## Extracted information

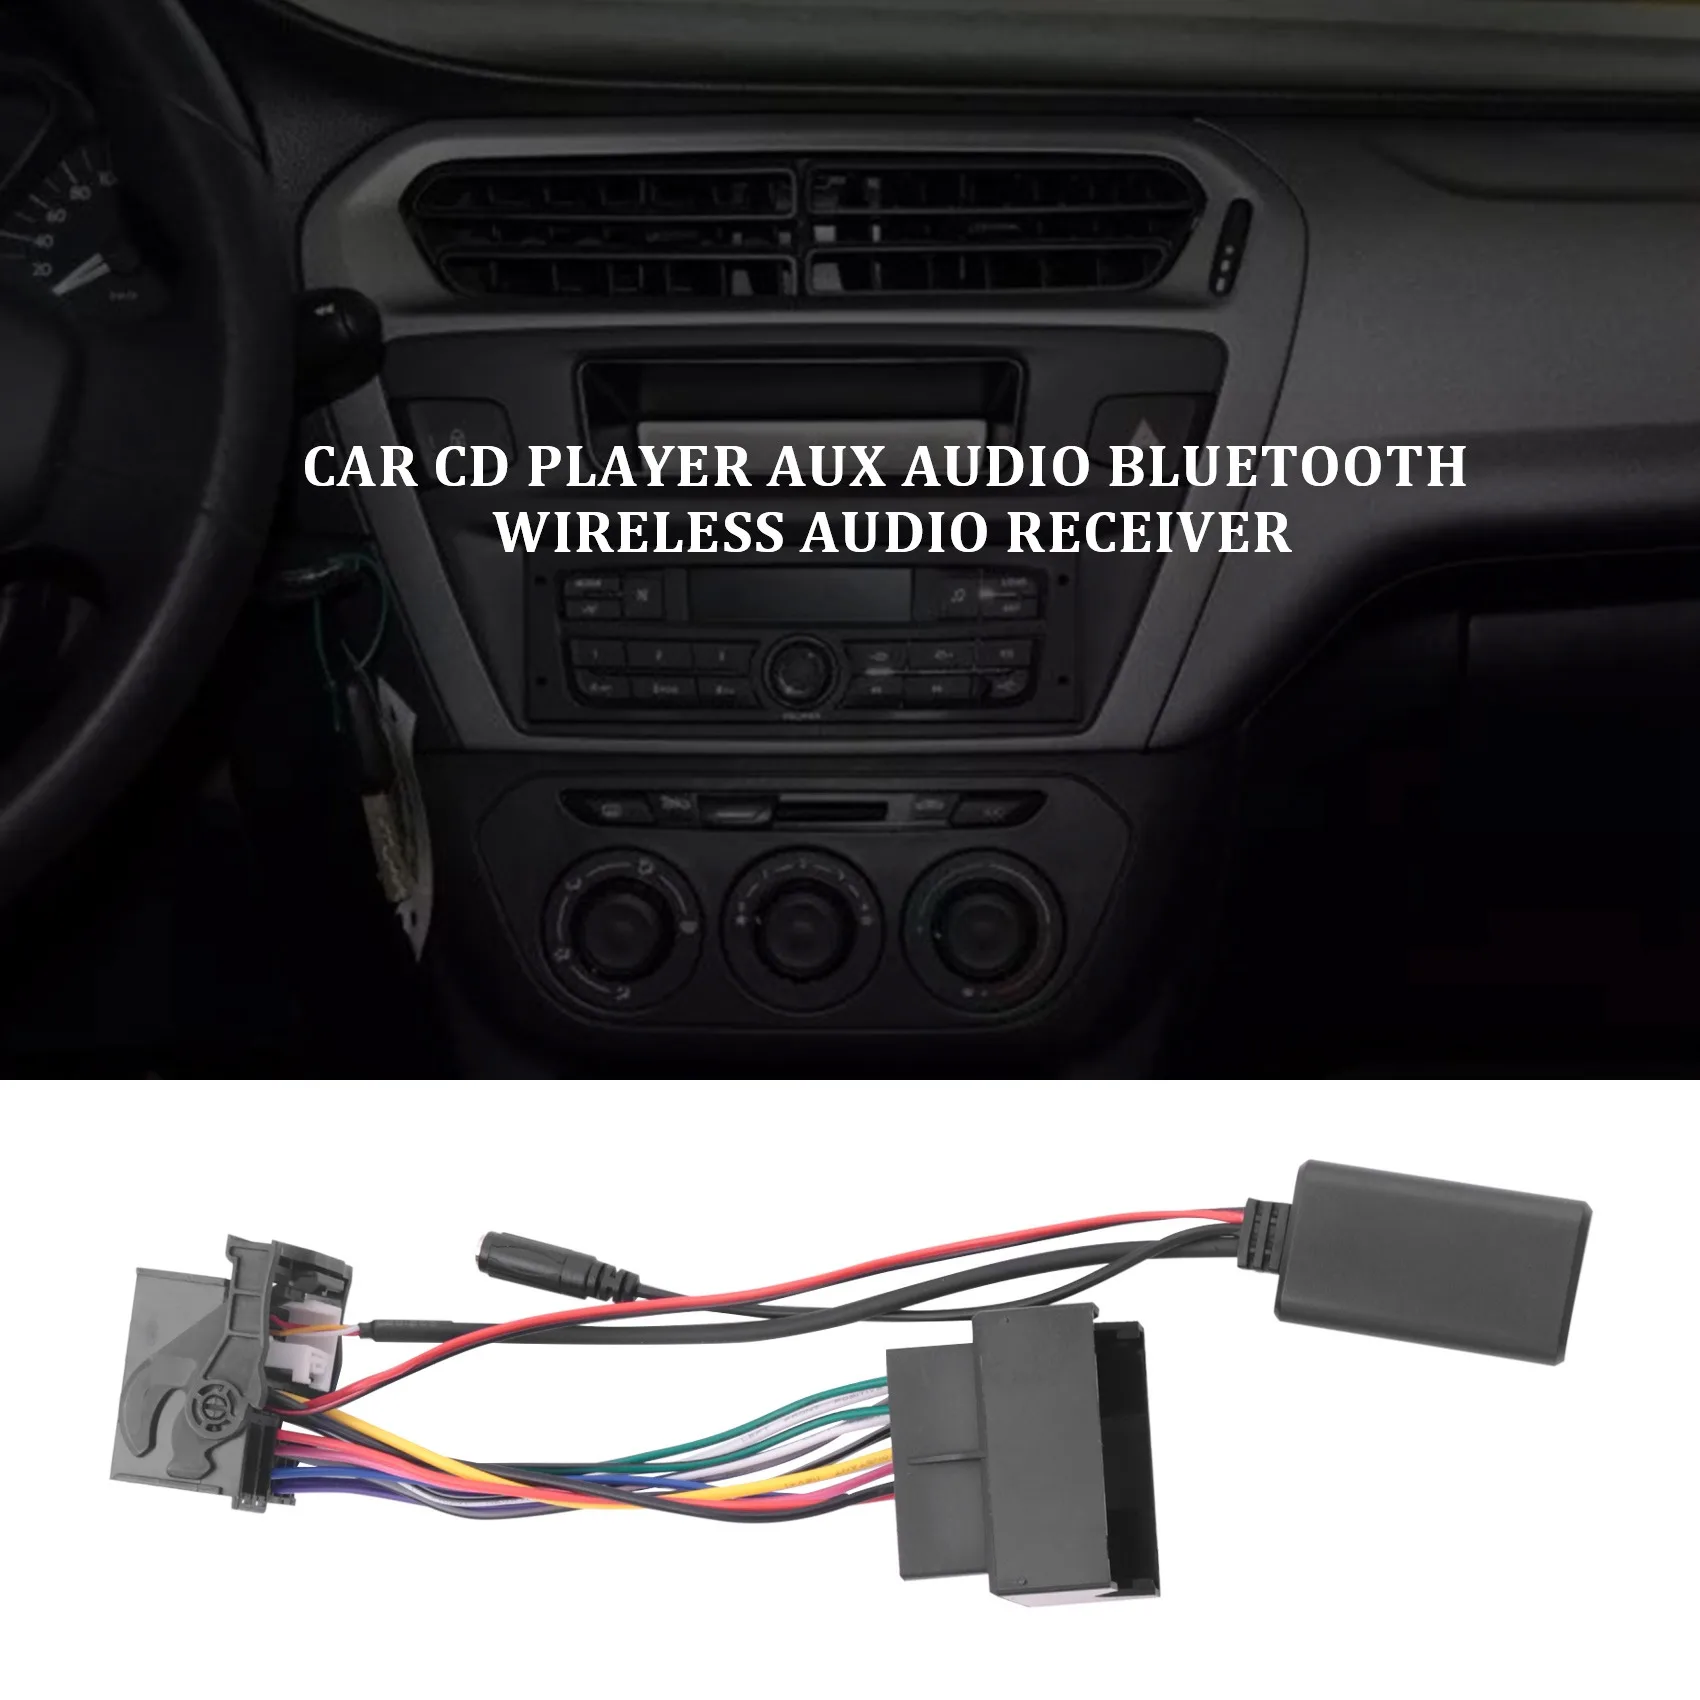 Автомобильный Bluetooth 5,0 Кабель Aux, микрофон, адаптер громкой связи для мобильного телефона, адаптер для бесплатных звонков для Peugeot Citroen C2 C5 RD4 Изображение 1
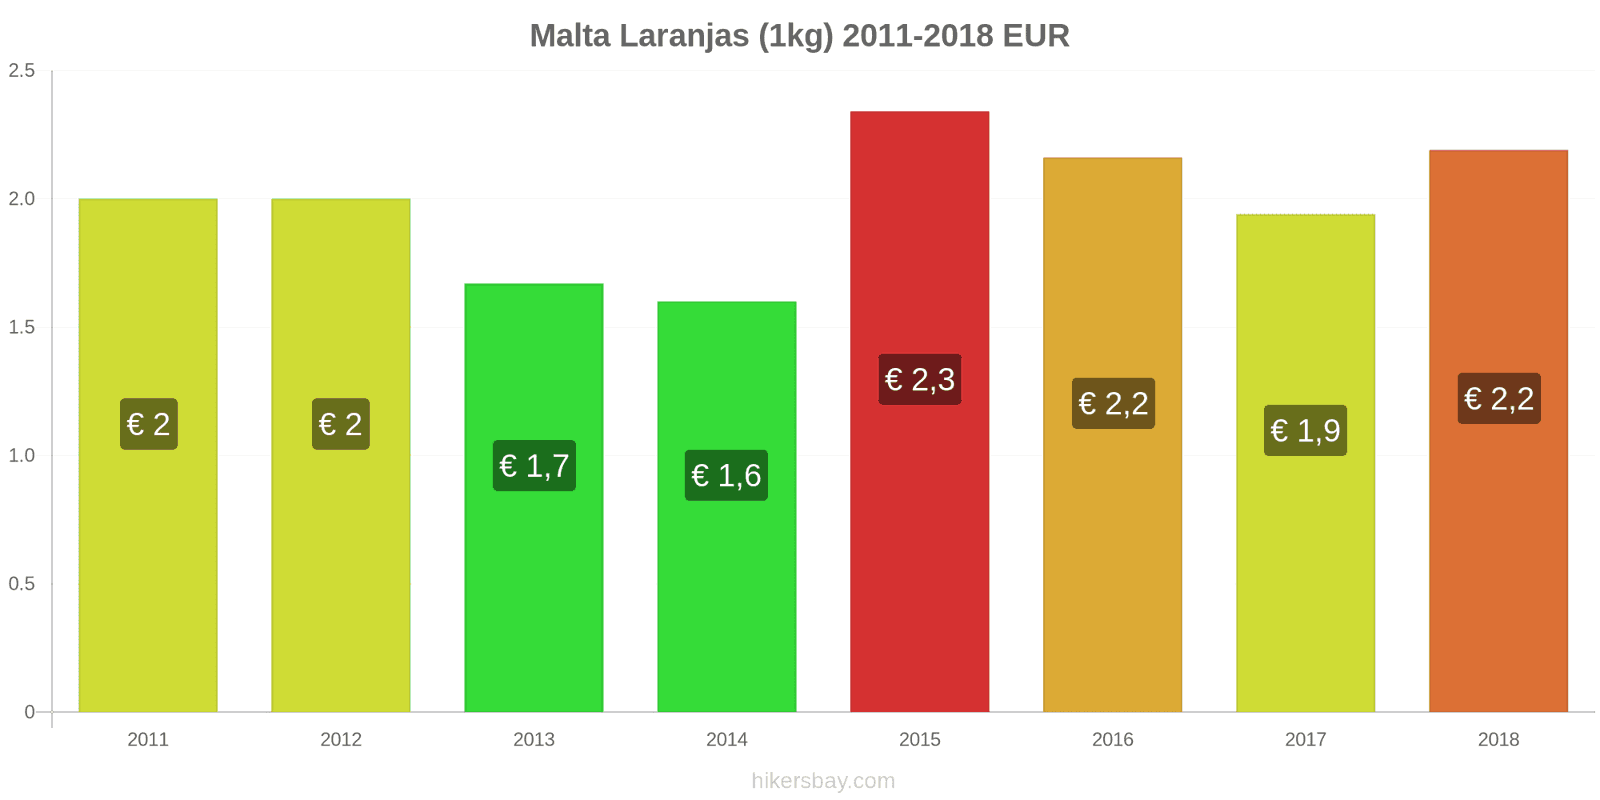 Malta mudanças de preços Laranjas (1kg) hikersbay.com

---

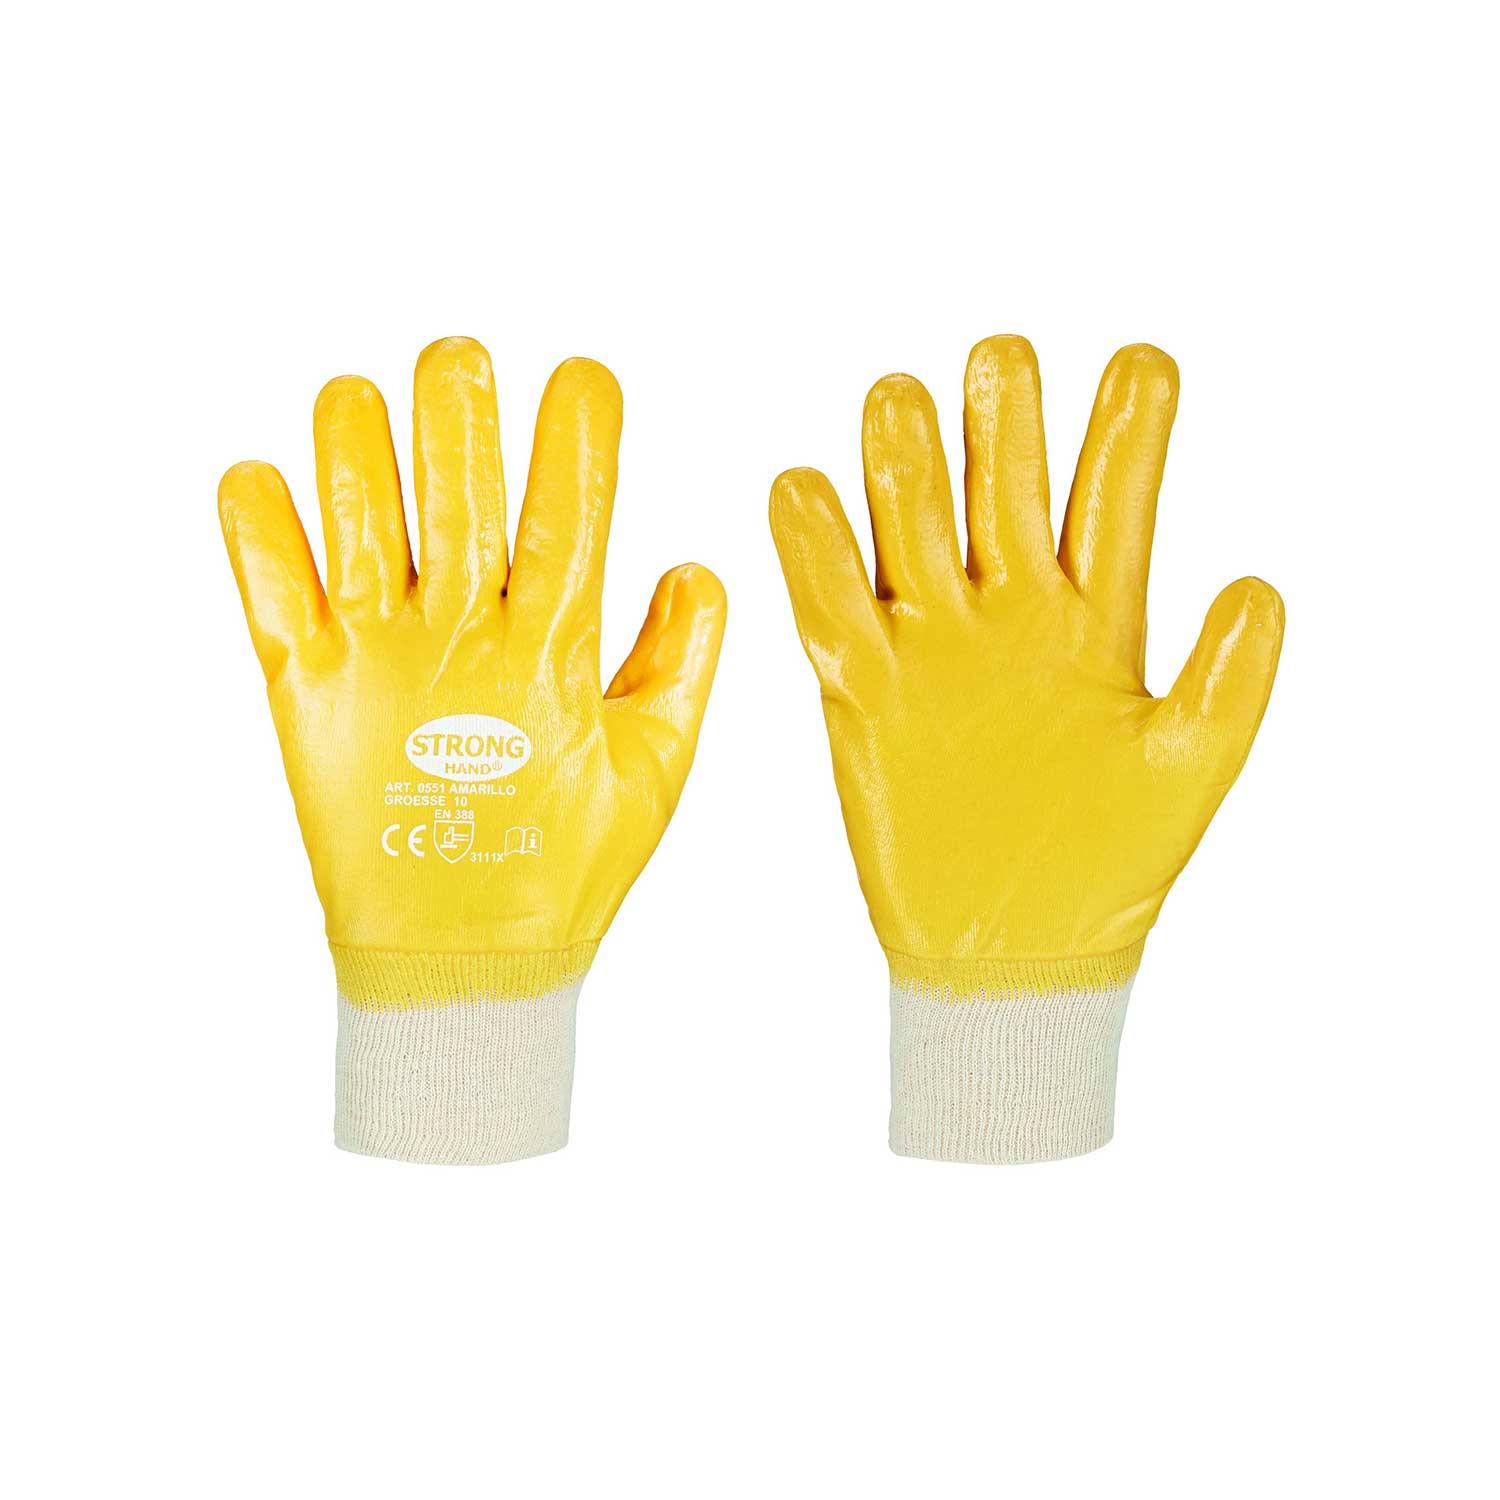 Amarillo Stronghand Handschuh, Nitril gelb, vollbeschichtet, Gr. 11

## Required work
Given the entries above, transcribe exactly the lines from the one holding "Автомобильный Bluetooth 5,0" through the one holding "Malta mudanças de"; pictures do not belong in the transcription.

## Answer to this exercise
 Автомобильный Bluetooth 5,0 Кабель Aux, микрофон, адаптер громкой связи для мобильного телефона, адаптер для бесплатных звонков для Peugeot Citroen C2 C5 RD4 Изображение 1
 Malta mudanças de preços Laranjas (1kg) hikersbay.com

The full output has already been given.